A north-south migration dilemma

Over the last decade, immigration from southern Mediterranean countries has become a mayor challenge for policymakers in the European Union and its member states. This is due primarily to cultural and social differences.

According to the most recent Organisation for Economic Co-operation and Development annual report on Tendaces des Migrations Internationale, since the second half of the 1990s migration flows continue to grow, despite economic deterioration. A slight stagnation of international flows can be observed during 2002. For the long term it seems very difficult to assess the effect of the economic situation on migration flows.

The 1973 oil crisis can be considered a migration watershed. Before the crisis, migration flows were explained as a response to fluctuations in business cycles. As a consequence of the crisis, this relationship no longer works. One reason may be that the liberalization of world trade increased competition between industrialized countries. Higher interest rates as well as the restructuring of the global labor market in the 1980s led to growing unemployment rates and an increasing demand for qualified labor forces. Simultaneously, the limits of the welfare state became more and more evident. These changes in the labor demand and labor environment reduced the demand for migrant workers. Meanwhile new social conflicts emerged between immigrants and nationals, particularly in France. Indeed, a profound transformation of hosting countries’ societies can be observed through the existence of immigrants.

If we compare the age structures of both shores of the Mediterranean basin, a complementary demographic relationship can be identified. In southern Mediterranean countries the societies are characterized by a very young age structure (about a third of the total population is younger than 15 years), while in the northern part we find an increasingly “aging” population (about 18 percent of the total population is older than 65 years). Population growth rates affirm the continuation of this trend. Demographic growth in Europe is nearly at a standstill, while the growth rates in North Africa range between 1.09 and 2.39 per annum in Tunisia and Libya, respectively.

If we now take a closer look at the relationship between the demands of European labor markets and immigration, it seems that the linkage between economic security and migration–the perceived threat of competition with nationals of host countries in the labor market–is now rejected by a recently published opinion poll carried out by Eurobarometer. According to this survey, 56 percent of the Europeans interviewed agreed with the affirmation that we need immigrants to work in some sectors of the economy.

The breakdown by socio-demographic factors shows that education strongly influences these opinions. Highly educated Europeans tend to agree more than Europeans with lower educational levels, who presumably perceive immigrants as more direct competition in the labor market due to the economic sectors where immigrants usually are employed. As the survey stresses, self-employed persons are more likely to respond positively to a question about the necessity of immigrants in the labor market than for example manual workers. It is necessary to underline that these are perceptions; other studies have shown that most immigrants are doing jobs nationals often are unwilling to accept.

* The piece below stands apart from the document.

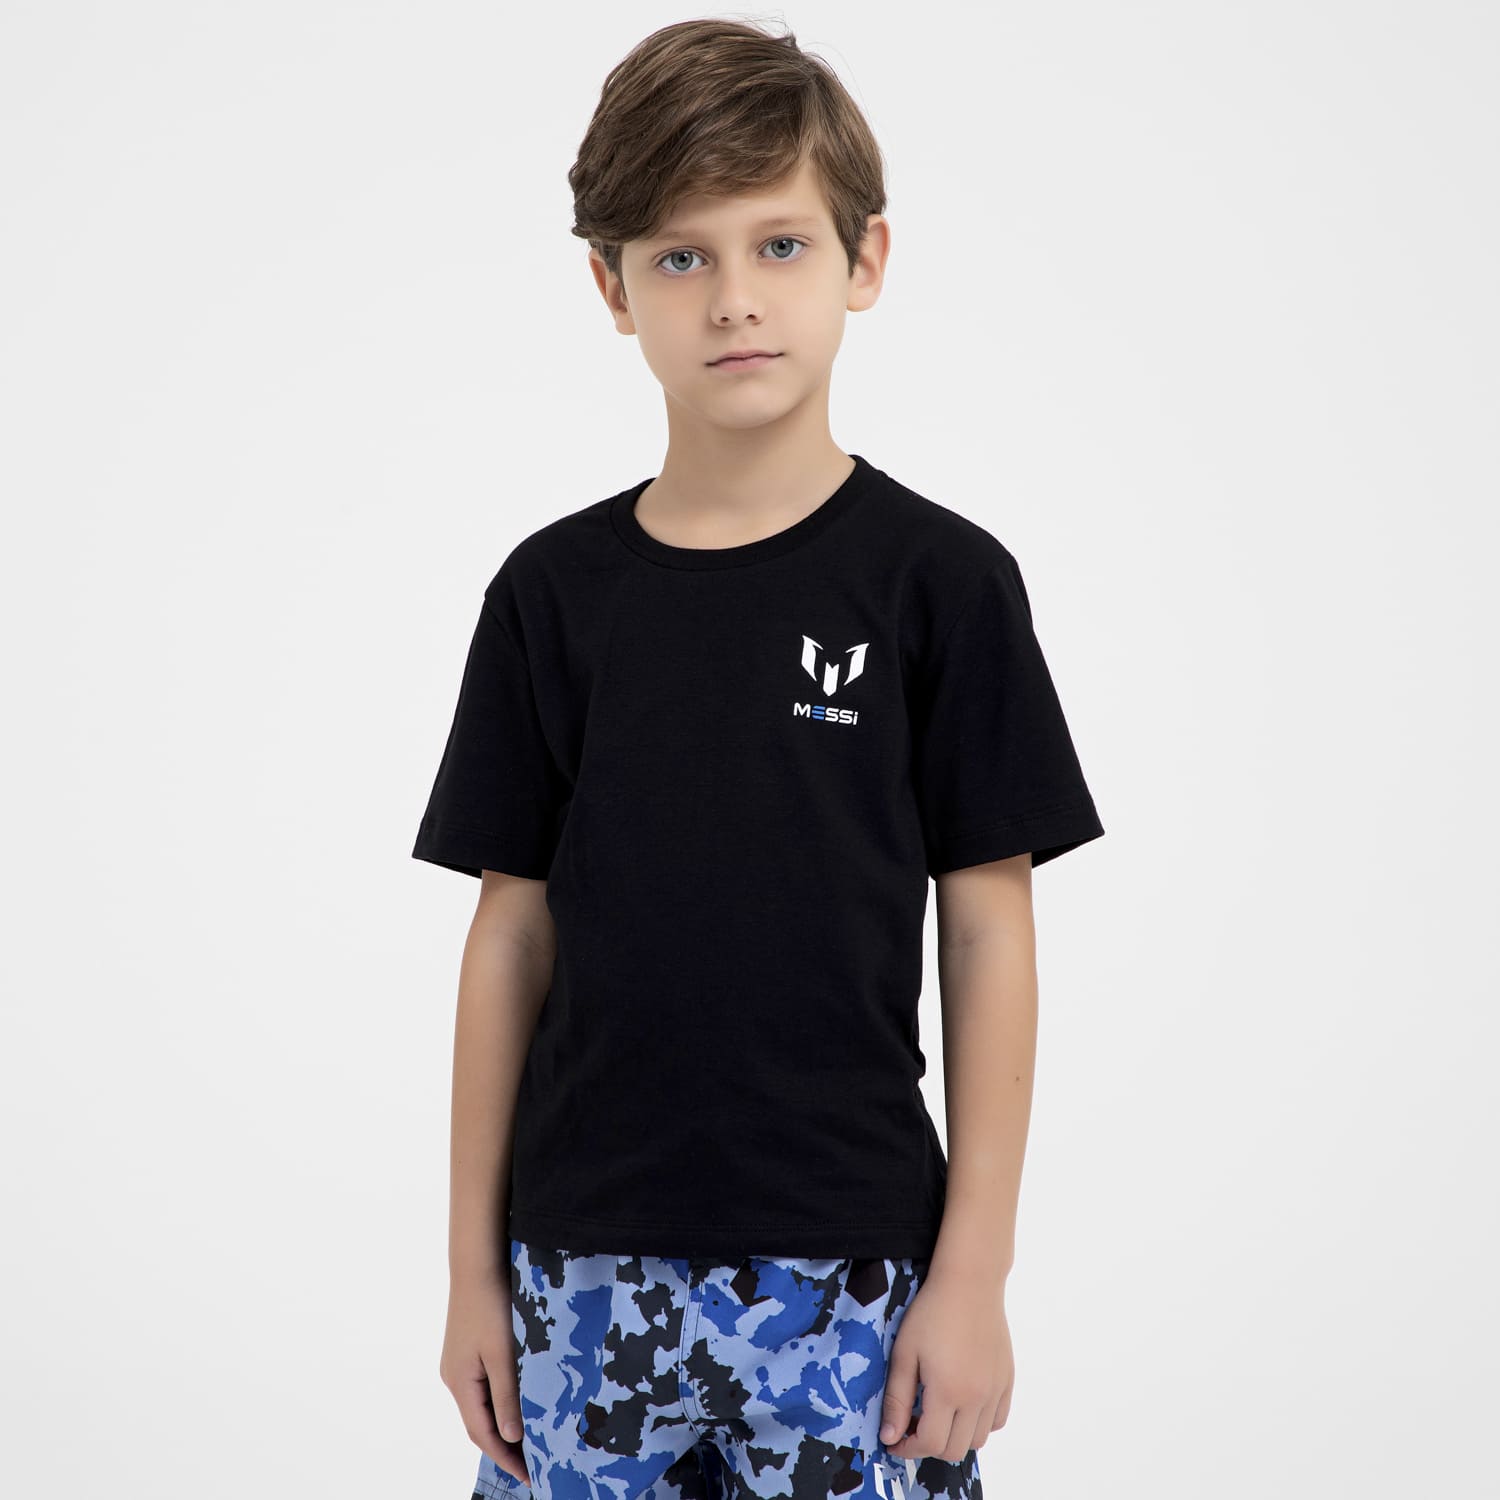 Camiseta Messi Infantil em Malha de Algodão - Casa das Cuecas Online -  Cuecas, Pijamas e mais da Moda masculina

The distribution of economic sectors where immigrants are employed varies considerably. This is also due to the different economic structures of the host countries. If we compare for example Germany and Spain, it is quite obvious that in Spain there are far more immigrants working in agriculture and tourism than in Germany, and in turn, the majority of immigrants in Germany work in the manufacturing industries.

This recent survey does not break down the immigrants by their countries of origin. Herein lies an important point concerning immigration flows from the southern Mediterranean Arab states and the issue of racism and xenophobia towards them. Another Eurobarometer opinion poll from 1997- -stereotypes and attitudes can be assumed to change very slowly–reveals that nearly 33 percent of Europeans openly described themselves as “quite racist” or “very racist”. Particularly after 9/11, these attitudes are above all addressed towards the Muslim communities living in Europe, due to their different appearance and cultural behavior. The case of Spain clearly shows this: Moroccans are at the bottom of the list of sympathy towards foreigners living there. The March 11 Madrid terrorist attacks and the link to Islamic terrorists from Morocco probably will increase hostile attitudes in Spanish society towards the Moroccan minority living in the country. In the aftermath of the bombing some Spanish media reported xenophobic attacks; more and more Moroccans in Spain expressed their increasing fear of suffering such attacks.

We need to improve our policies and strategies of integration of immigrant minorities into our societies. These policies should be based on non-discrimination, the right to express cultural identity, and no marginalization. Concerning the Euro-Mediterranean Partnership, a cultural dialogue in order to learn about each other is more necessary than ever.